I have an Acer Aspire V5-122P laptop with the following Specs : Model ,AMD A6-1450 APU, with a Radeon HD 8250 graphics card , a 1.0GHz CPU and 4GB of RAM . 
I use the laptop for gaming mainly and I have no problem playing games like Tomb Raider (2013) , DOOM 3 and the like . However they run best on the lowest quality settings and I feel that my processor will not be able to keep up with most new games , they will either look terrible or run badly, so is there any way to upgrade my cpu ? 
My cpu socket is FT3 (BGA 769) and I have read that they are soldered to the motherboard .
Can installation of a new cpu chip be done and what ones would best match my socket as I have had a hard time finding any ?
I have also checked out system requirements lab and I always pass everything apart from the cpu speed check .


----------



## joeten (Dec 4, 2008)

*Re: Any way to upgrade laptop with soldered processor?*

There is nothing on the Acer site to indicate a CPU upgrade being possible so from that I would say no you can't do it.


----------



## Panther063 (Jul 13, 2009)

*Re: Any way to upgrade laptop with soldered processor?*



IrishWolfHound said:


> My cpu socket is FT3 (BGA 769) and I have read that they are soldered to the motherboard .
> Can installation of a new cpu chip be done.


Yes they are "soldered" to the board, as indicated by the nomenclature BGA (Ball Grid Array).
No another chip cannot be installed.
Your best bet would be to find a motherboard from the same series Laptop with a faster processor and install that.


----------



## MPR (Aug 28, 2010)

*Re: Any way to upgrade laptop with soldered processor?*

BGA chips can be replaced but it takes specialized equipment, knowledge and skill to do so.

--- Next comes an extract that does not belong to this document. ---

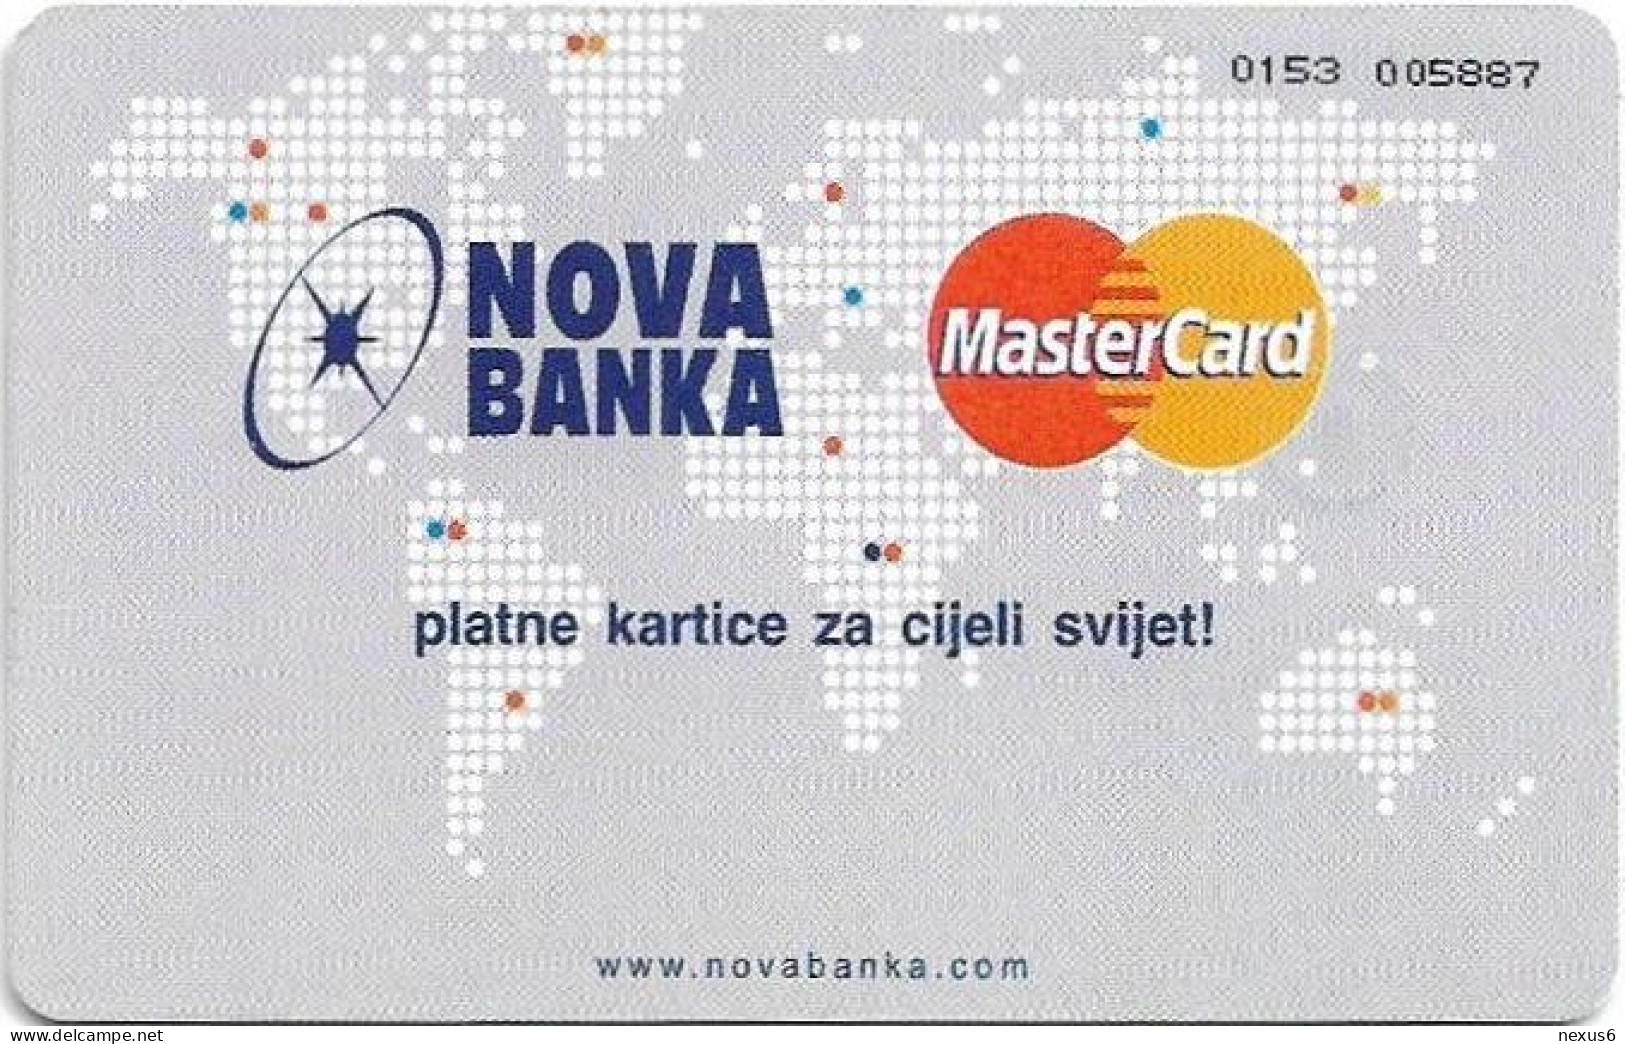 Bosnia - Republika Srpska - Nova Banka - Mastercard 1, Gem5 Red, 01.2005, 150Units, Used - Bosnia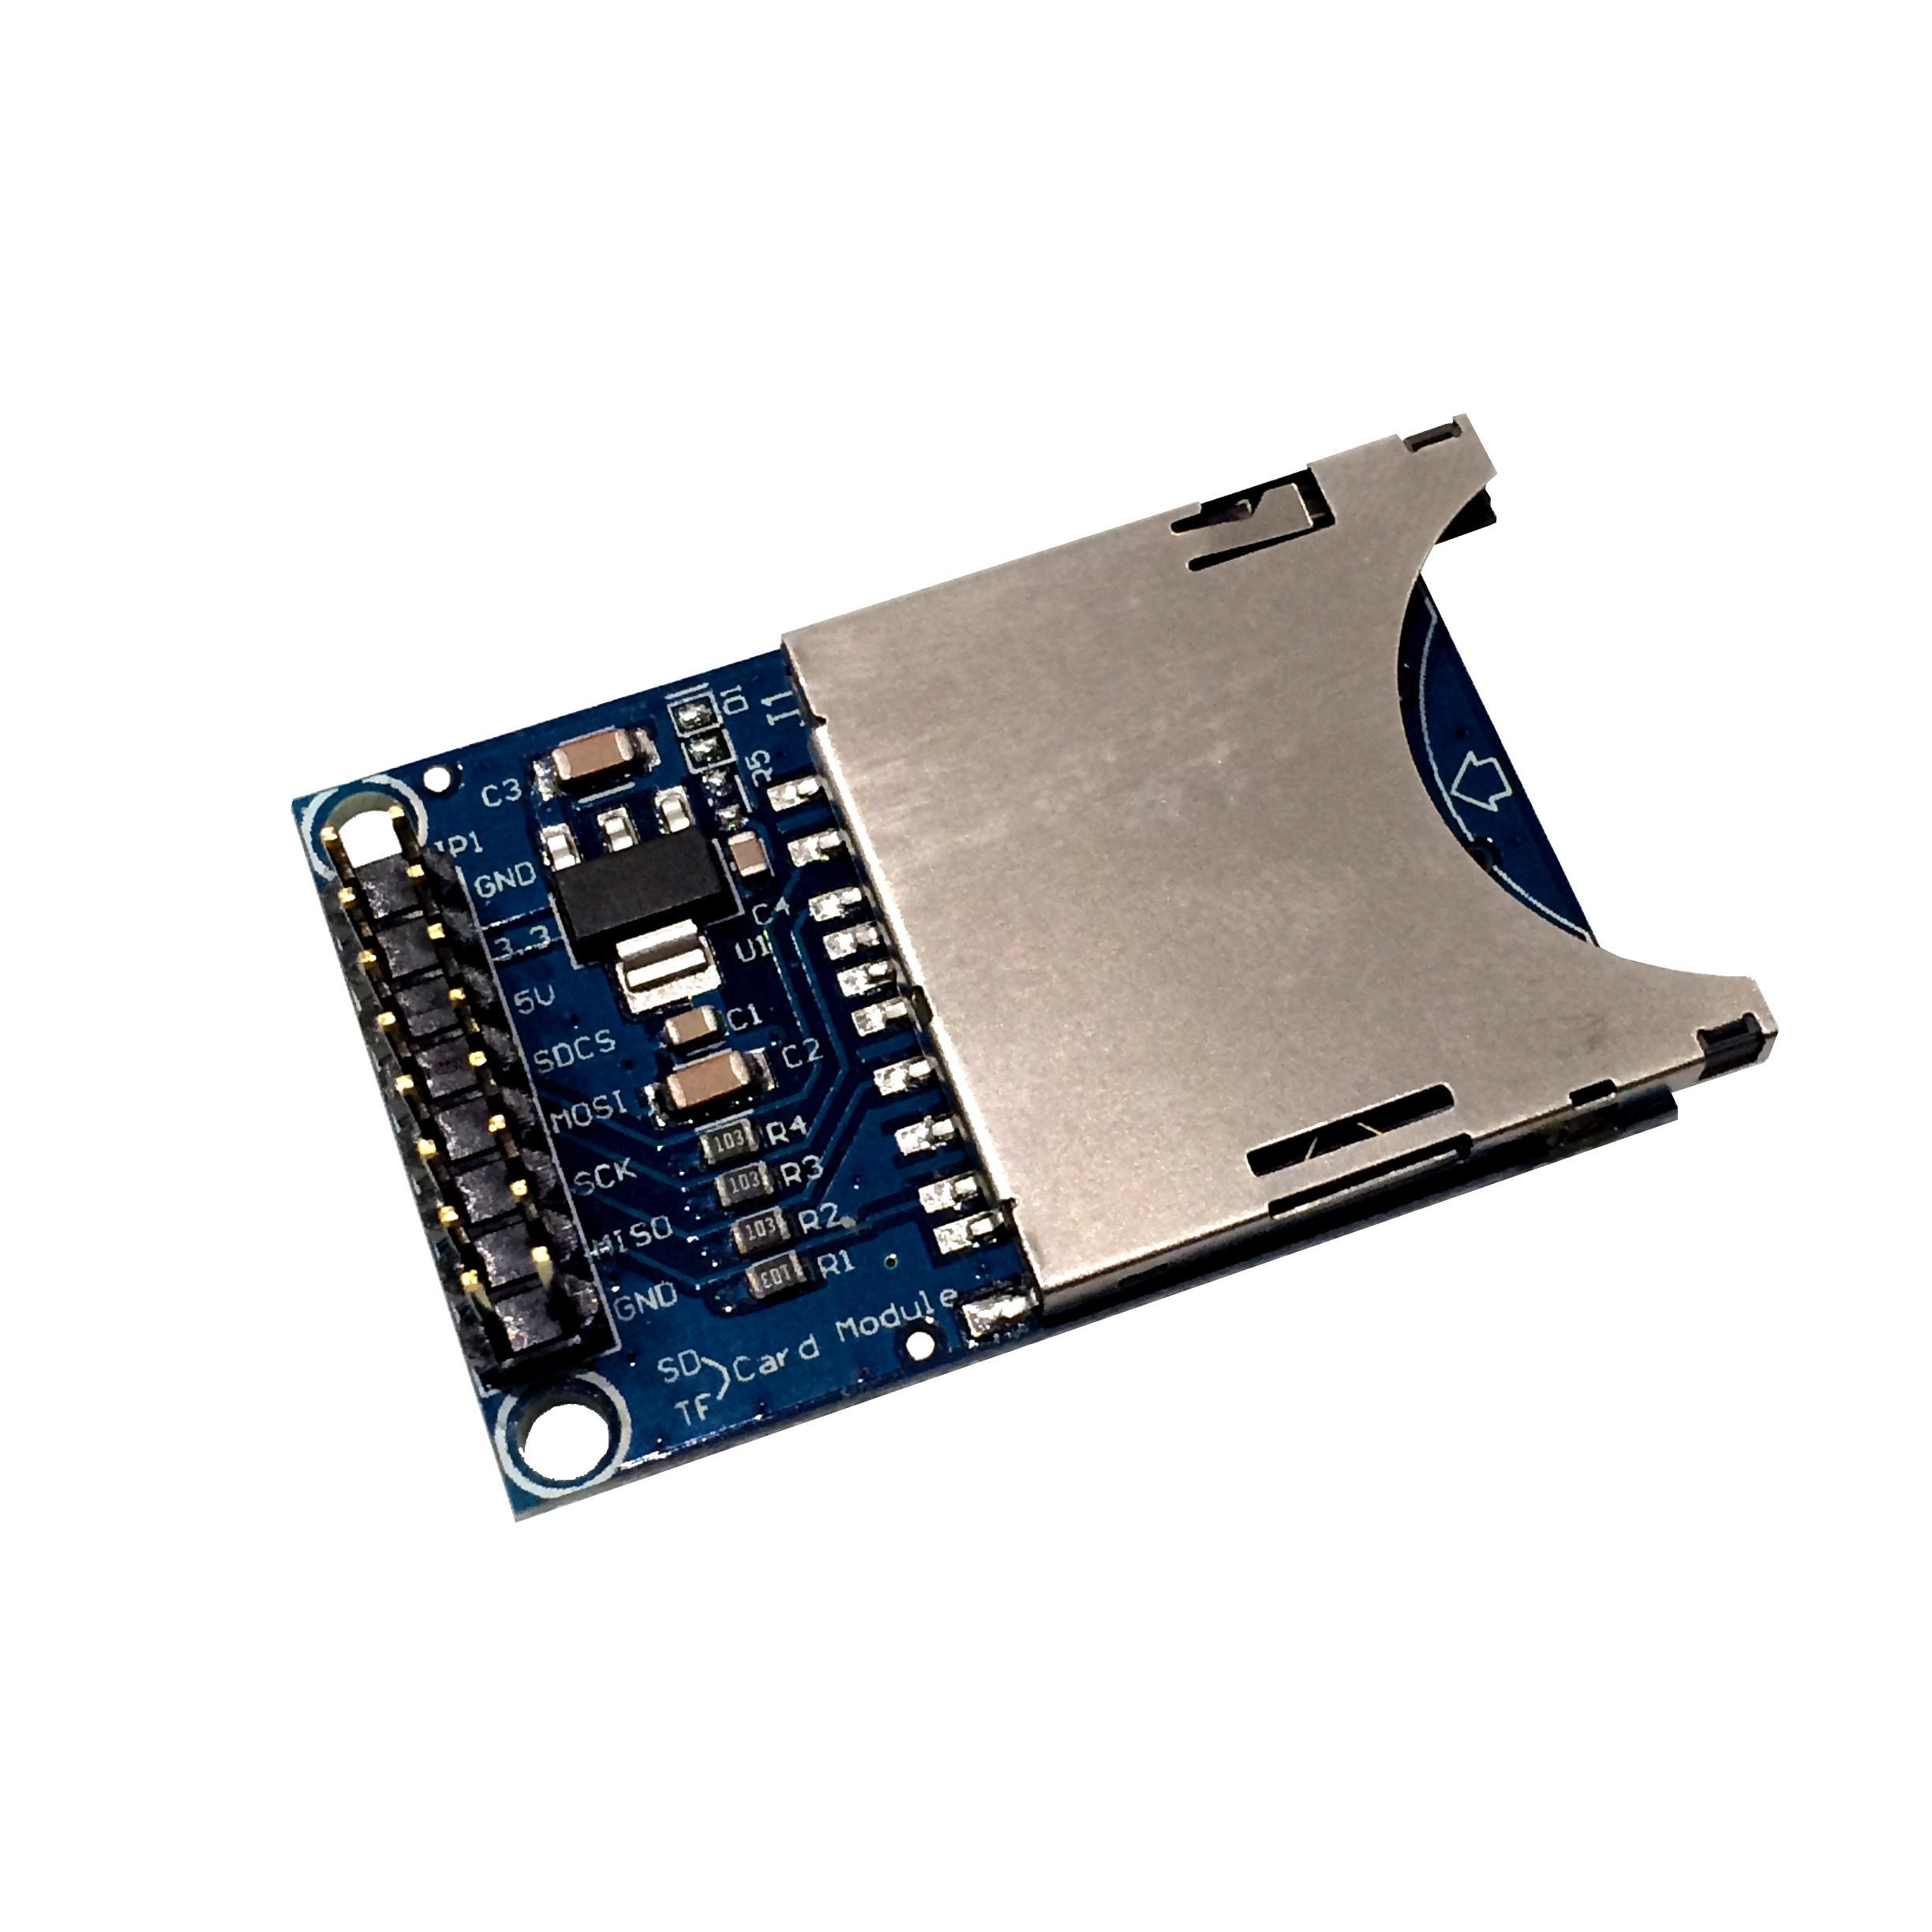 New Micro SD Card Module SPI for Arduino PIC Raspberry Pi

I, personally, have never replaced a BGA chip because when I obtained my electronics degree in the 90s this type of soldering wasn't often done. Also, even if another processor of the same wattage and socket can be found, a laptop manufacturer may not have a supporting BIOS for it. Finally, you won't know if your remount is successful until you run a series of tests. There are companies who could do this but the cost would probably exceed that of a new motherboard.

Here is the remount process -- it's an interesting video. Note that they didn't show it in real time but positioning the solder balls probably took hours of painstaking work under a dissecting microscope, which would be the case for any chip unless you had a specific template.

PS4 Soldering GPU CPU Reballing BGA APU Reflow BLoD Fix - YouTube


----------



## xboxhaxorz (Oct 25, 2010)

You would need to get a full IR rework machine such as this Full IR BGA Rework Machine | USA Made BGA Rework Station and get flux and a jig as well as the upgraded cpu to remount it

You could also try contacting a BGA repair company and ask them if they perform cpu upgrades


----------